• _Data supplied_

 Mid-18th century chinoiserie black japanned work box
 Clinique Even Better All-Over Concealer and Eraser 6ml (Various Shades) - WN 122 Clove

---

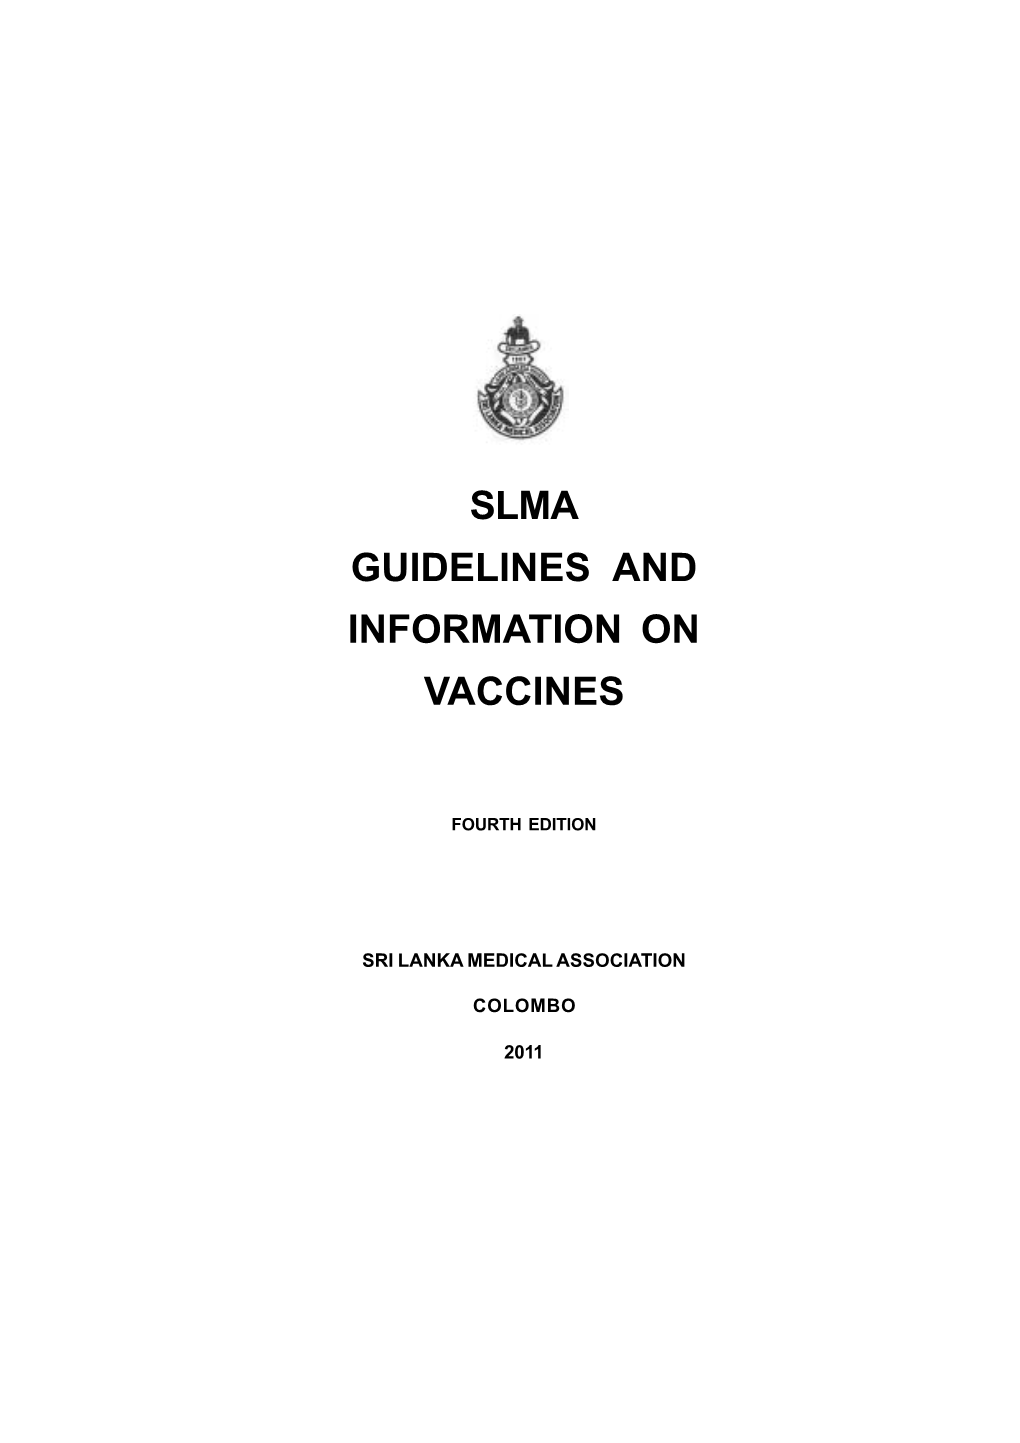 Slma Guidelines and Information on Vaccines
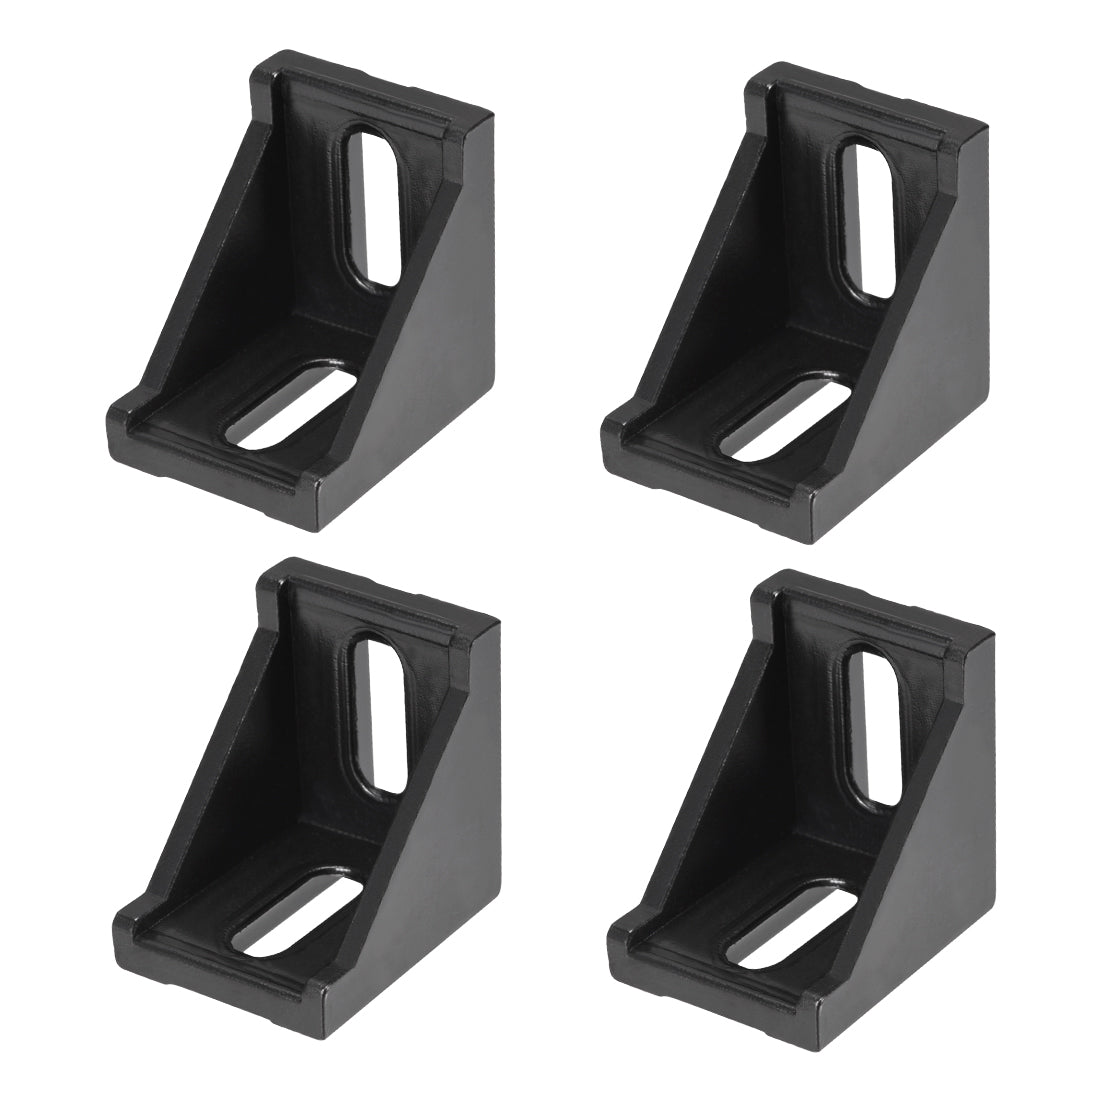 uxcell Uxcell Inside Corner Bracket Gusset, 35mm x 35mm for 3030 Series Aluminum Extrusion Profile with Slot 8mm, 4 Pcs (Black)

• _Problem requirements_
Everything starting at the line containing "Mid-18th century chinoiserie" and ending at the line containing "Clinique Even Better" in the records above should be repeated exactly, and only that.

• _Task output_
 Mid-18th century chinoiserie black japanned work box
 Clinique Even Better All-Over Concealer and Eraser 6ml (Various Shades) - WN 122 Clove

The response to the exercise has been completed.